After the Second World War, Becke-Goehring was briefly interned by the US occupation forces. Their preoccupation with deuterium oxide led the occupying powers to wrongly believe they were involved in the German nuclear program. In 1946 Becke-Goehring became a lecturer at the University of Heidelberg and in 1947 an extraordinary professor for inorganic chemistry. In 1955 she met her future husband, the industrial chemist Friedrich Becke. In 1959 she became a full professor and in 1961 dean of the natural science faculty. In the same year she received the Alfred Stock Memorial Prize .
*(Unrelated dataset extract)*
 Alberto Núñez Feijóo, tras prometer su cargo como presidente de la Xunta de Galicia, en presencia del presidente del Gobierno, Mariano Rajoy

In 1966 Margot Becke-Goehring took over the rectorate of the Ruprecht-Karls-Universität Heidelberg and was the first woman rector of a West German university. Your rectorate fell into the troubled time of the 1968 student unrest. In 1968 she voluntarily gave up her position and in 1969 became director of the Gmelin Institute for Inorganic Chemistry of the Max Planck Society in Frankfurt. In the following years she devoted herself to updating the Gmelin manual , in which the entire state of knowledge of inorganic chemistry was collected. In 1979 she retired, but until recently published works on the history of science. She had been an elected member of the Leopoldina since 1969, and a full member of the Heidelberg Academy of Sciences since 1977 .
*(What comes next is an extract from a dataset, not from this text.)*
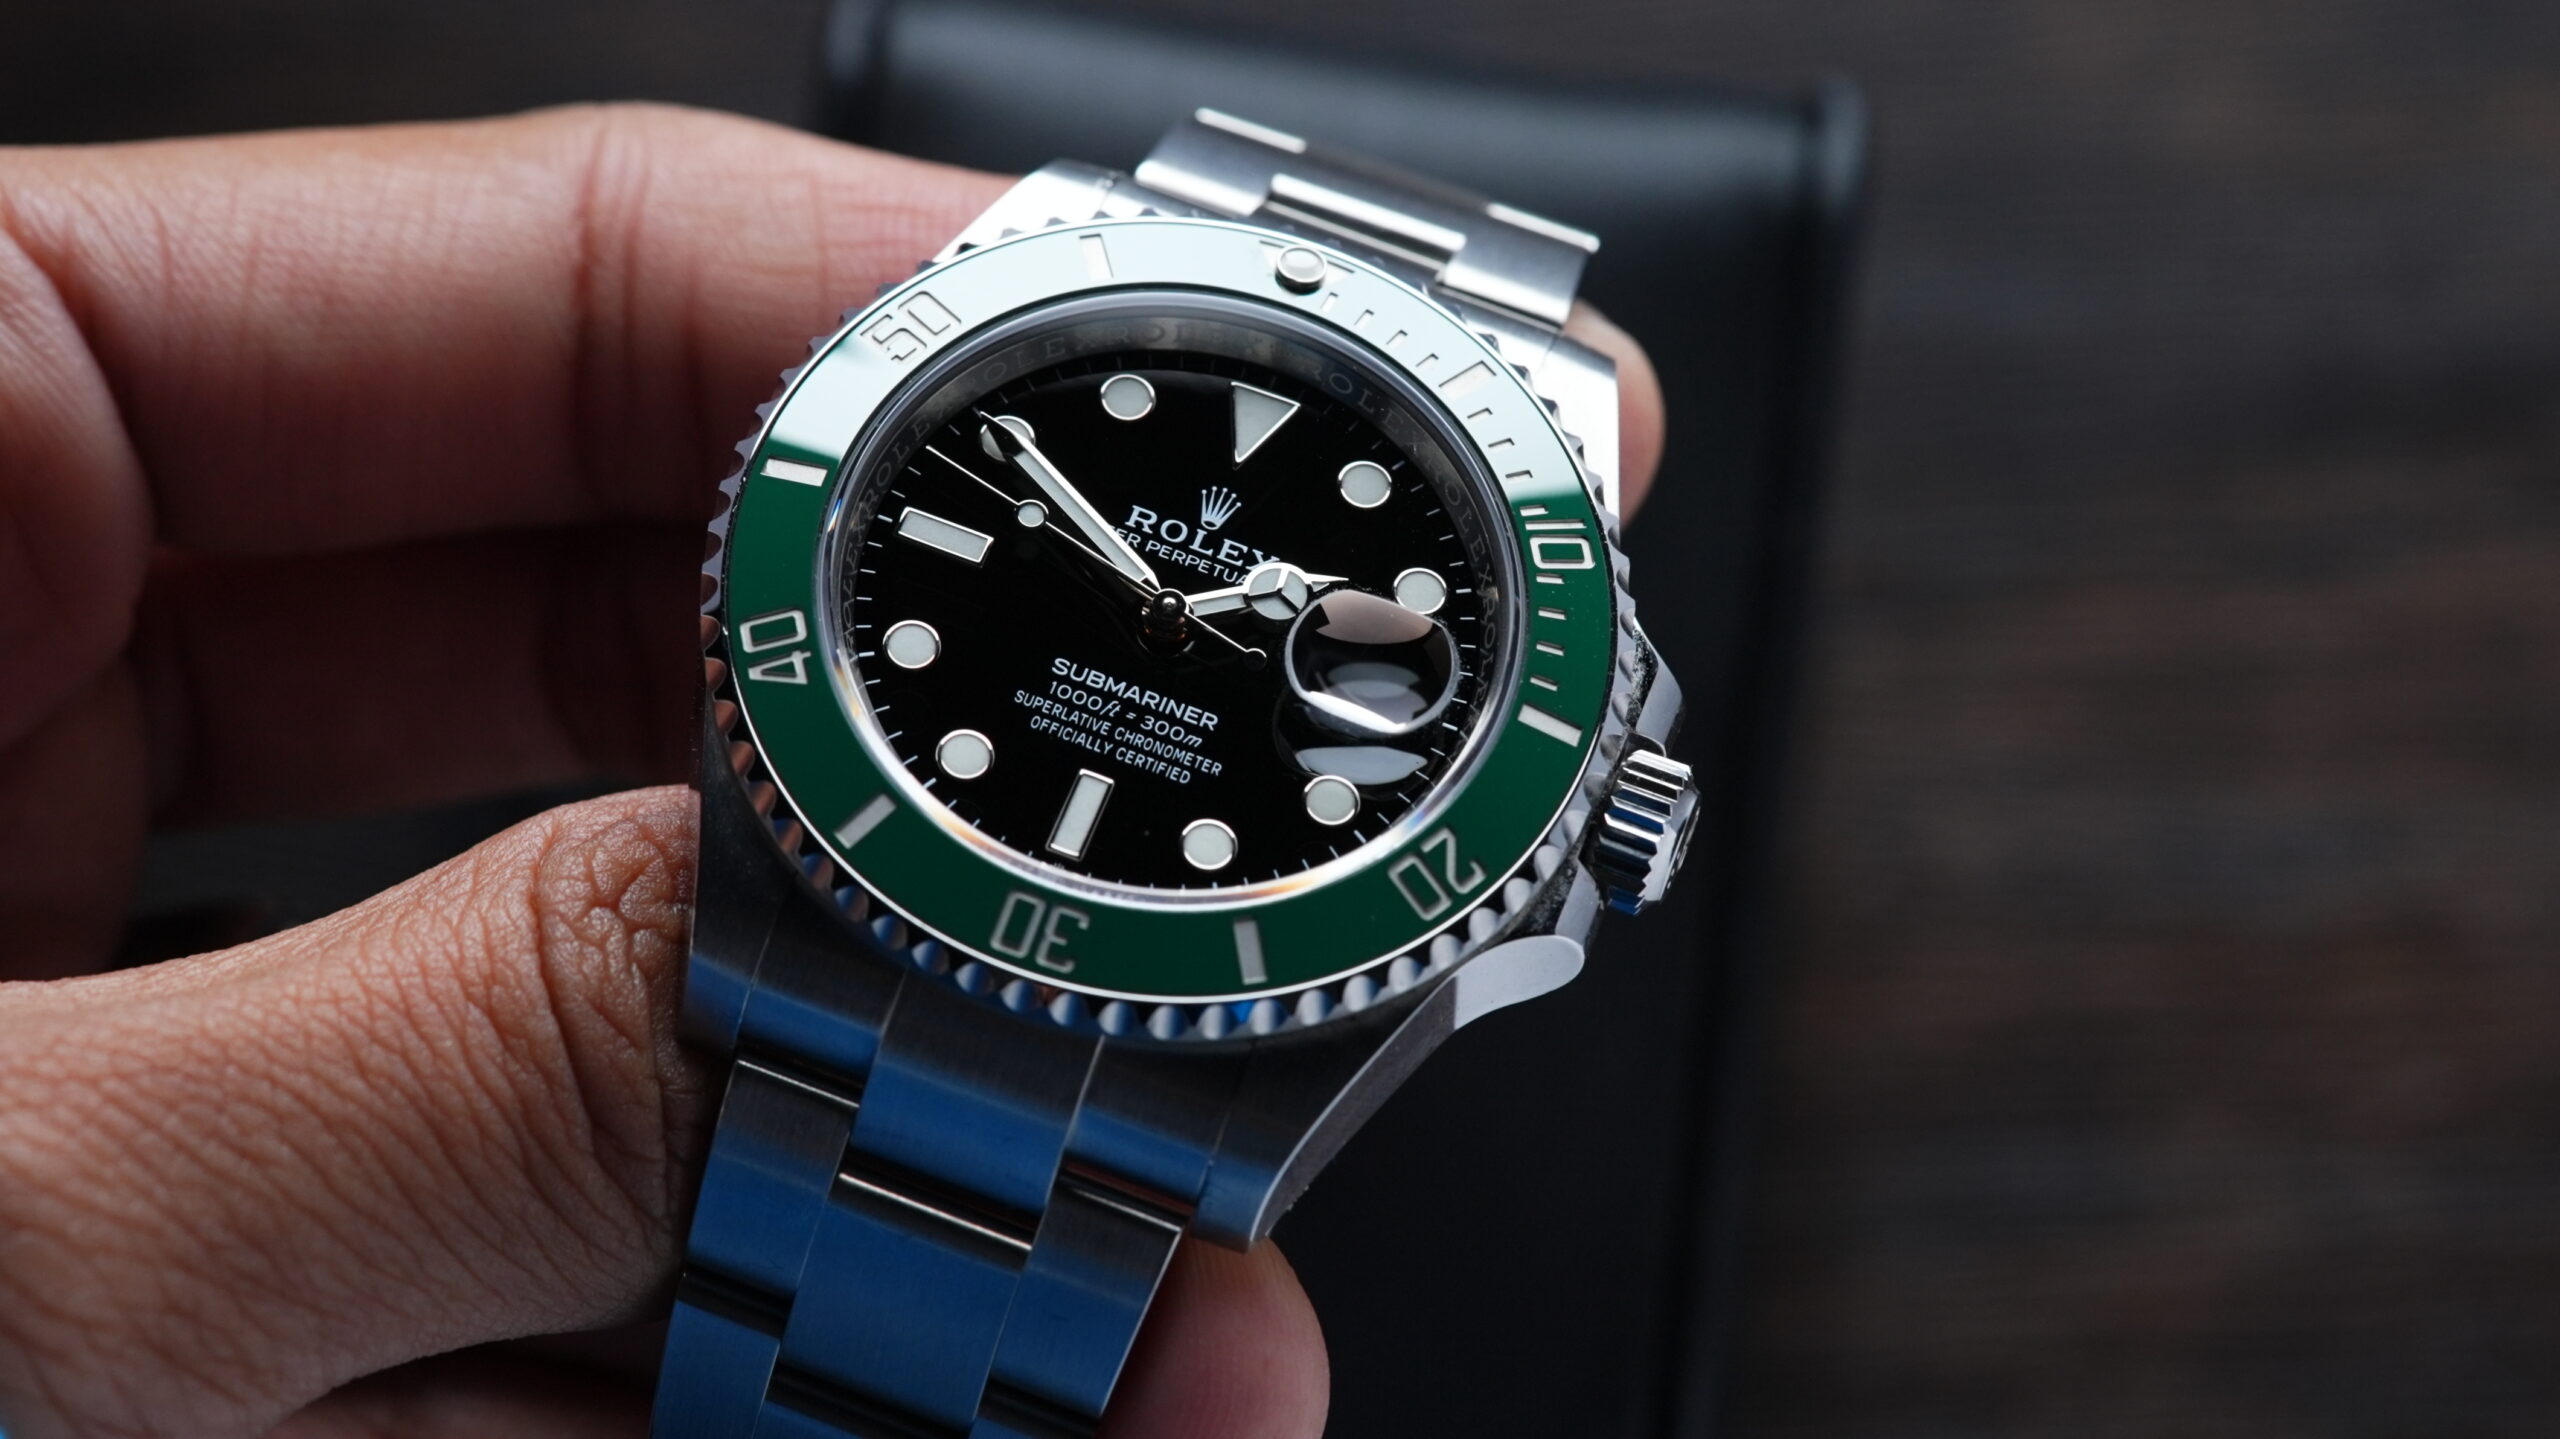 Rolex Steel Submariner Date Watch - The Starbucks - Green Bezel - Blac

One of her doctoral students is Ekkehard Fluck , who was her successor at the Gmelin Institute and with whom she published a book on quantitative analysis in 1961.

Fonts (selection)

  • The kinetics of dithionic acid (dissertation 1938)
  • About sulfoxylic acid (Habilitation 1944)
  • Brief Guide to Qualitative Analysis (1961)
  • Qualitative Analysis Internship (1967)
  • Complex Chemistry (1970)
  • with Ekkehard Fluck: Introduction to the theory of quantitative analysis , 6th edition, Darmstadt: Steinkopff 1980 (first 1961)
  • Margot Becke-Goehring, Dorothee Mussgnug: Memories - almost blown with the wind. University of Heidelberg between 1933 and 1968. Verlag Dieter Winkler, Bochum 2005

literature

  • Henrik Eberle: The Martin Luther University in the time of National Socialism. Mdv, Halle 2002, ISBN 3-89812-150-X , p. 412
  • Ekkehard Fluck: Margot Becke: June 10, 1914 - November 14, 2009 (obituary), in: Annual Report of the Max Planck Society 2009 (enclosure), pages 18–19.